Le amebe se ne fregano del principio di contraddizione e campano benissimo, ma
campano da amebe e non da persone. La logica e le scienze empiriche sono
imprescindibili per il nostro pensiero ed esprimono il massimo della nostra
capacità di esaminare criticamente la realtà. Ora, la cosa significativa e
terribile è che mentre nell’ambito del rapporto con la verità, la normalità
riflette abbastanza bene le potenzialità della specie, nell’ambito dei processi
decisionali (quello della ragione pratica), la normalità è tutt’altro che
coincidente con le potenzialità della specie. Pochi anni fa era normale nel
Sudafrica l’apartheid che oggi (quasi) tutti considerano una follia, ma oggi è
ancora normale la “economia di mercato” che il più idiota dei marziani
considererebbe semplicemente folle, perché determina una ripartizione iniqua
delle risorse fra persone (e popolazioni) formalmente considerate di pari
dignità.
Sulle decisioni
occorre rassegnarsi ad un interminabile confronto, ma l’esame critico delle
scelte possibili, per essere razionale, necessita di strumenti validi. Io credo che
la conoscenza delle difese psicologiche e la conoscenza del potenziale
espressivo delle persone (quello che si manifesta in assenza di difese psicologiche) costituiscano strumenti decisivi
per esaminare e valutare criticamente la razionalità di qualsiasi scelta
particolare.
Il
dolore psicologico è un fatto e i fatti accadono e basta. L’elaborazione del
dolore (o lavoro del lutto), invece, è un insieme di azioni e rientra nella
sfera della ragione pratica perché costituisce
la risposta ottimale al dolore soggettivo determinato da fatti oggettivi. Infatti
consente a) di “salvare ciò che resta”, b) di attenuare col tempo l’intensità
del dolore e soprattutto c) di non creare ulteriori inutili sofferenze. Per comprendere
le difese psicologiche dobbiamo capire che esse nell’infanzia erano razionali: costituivano la risposta migliore ad
una situazione d’emergenza. René Spitz (1958) ha studiato le condizioni
gravissime dei bambini privati del contatto materno e anche John Bowlby (1988)
e altri hanno approfondito il tema a partire dagli anni ’50 del secolo scorso; possiamo
quindi affermare con certezza che i
bambini, in quanto adulti incompleti, non possono farsi compagnia da soli e, se
non sono sostenuti dai genitori, non possono elaborare il dolore.

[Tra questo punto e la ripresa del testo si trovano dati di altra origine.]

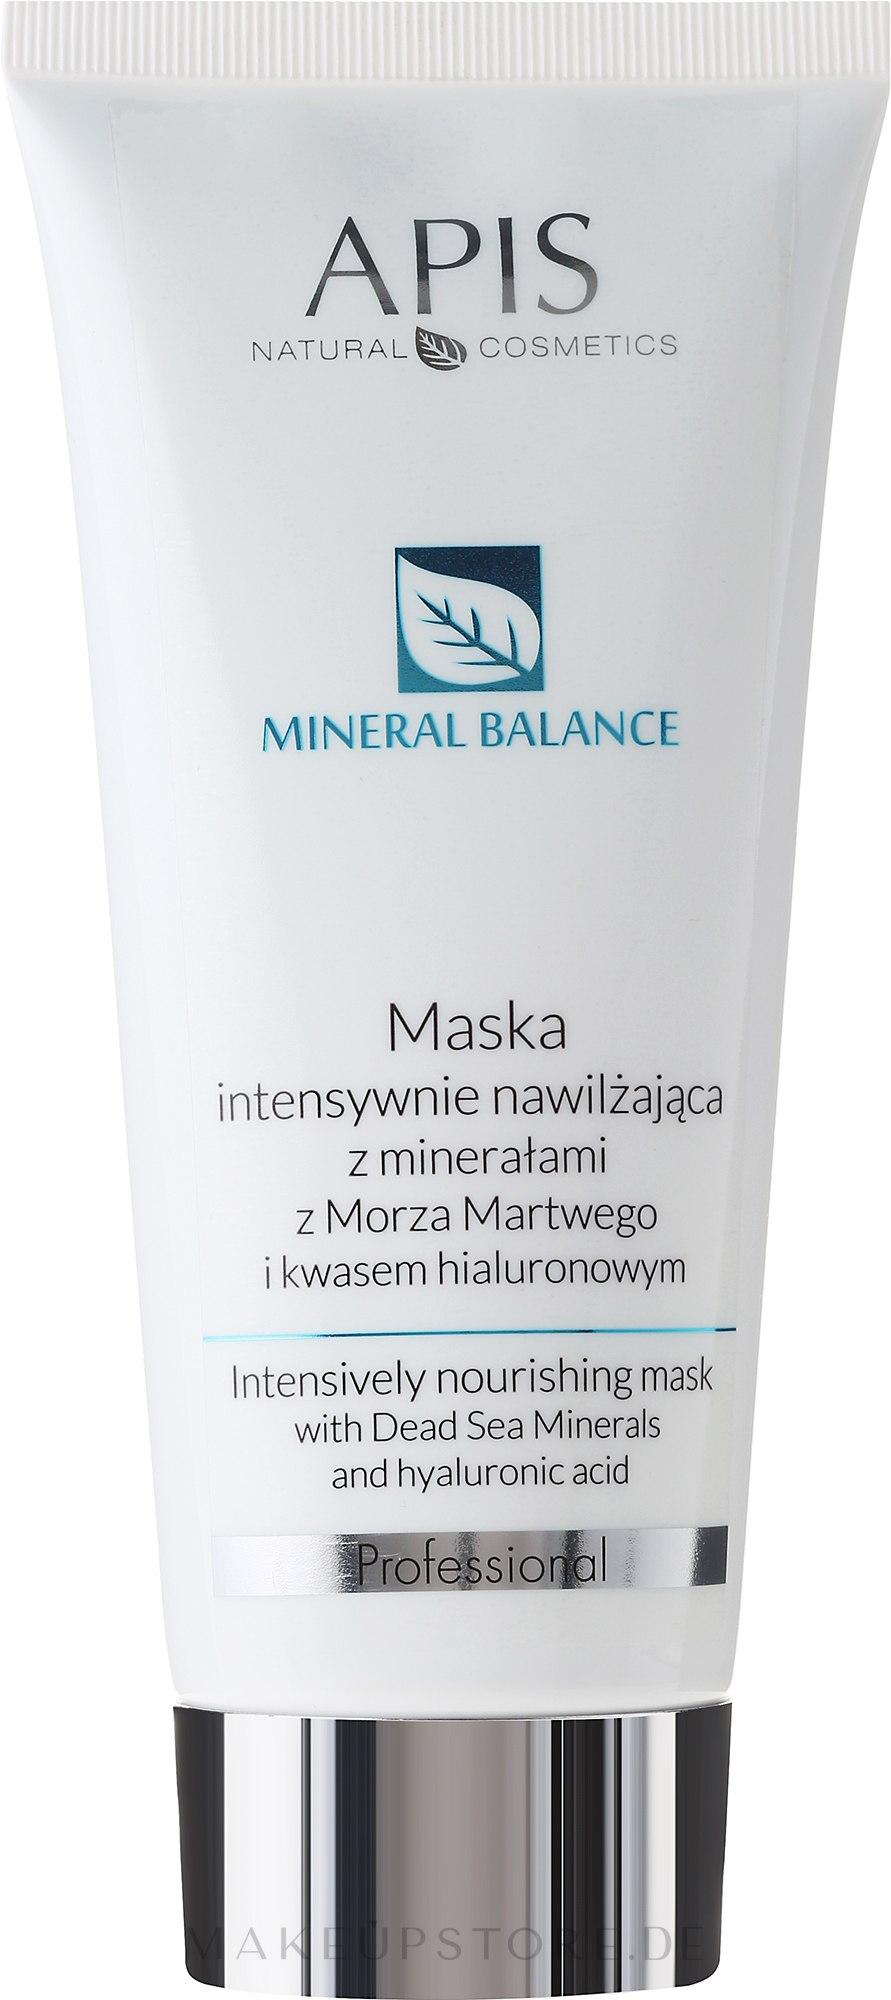 Intensiv pflegende Gesichtsmaske mit Mineralien aus dem Toten Meer - APIS Professional Hydro Balance Intensively Nourishing Mask — Bild 200 ml

Se si
dissociano dal dolore attivando delle difese psicologiche riescono a
sopravvivere. Purtroppo, mantengono le strategie difensive negli anni successivi.
Per questo possiamo dire che l’irrazionalità
degli adulti non è altro che la reiterazione inconscia della razionalità
infantile in circostanze mutate.
Io
non vedo delle “stupide scimmie” o degli “animali egoisti” quando considero la
violenza individuale e sociale, le forme di sfruttamento economico, fisico e
psicologico, i vari tipi di sottomissione, l’autoritarismo sociale, il
conformismo culturale e i disturbi psicologici: in queste tragedie vedo adulti pienamente umani che continuano a vivere
come bambini spaventati. L’idea di un
conflitto fra la nostra “natura animale” e le nostre “aspirazioni morali” nasconde
la realtà orribile della nostra infanzia mai superata. Le difese psicologiche
(quelle individuali e quelle culturalmente condivise) non riguardano solo le
più evidenti forme di malvagità o i sintomi più evidenti (e diagnosticati dagli
specialisti), ma anche la sciattezza che riduce intere vite alla gestione di un
orticello tanto piccolo da risultare una prigione.
Se
le riflessioni fin qui svolte sono corrette, le difese psicologiche non
rivelano un difetto o una mancanza di razionalità perché costituiscono una effettiva violazione della ragione pratica.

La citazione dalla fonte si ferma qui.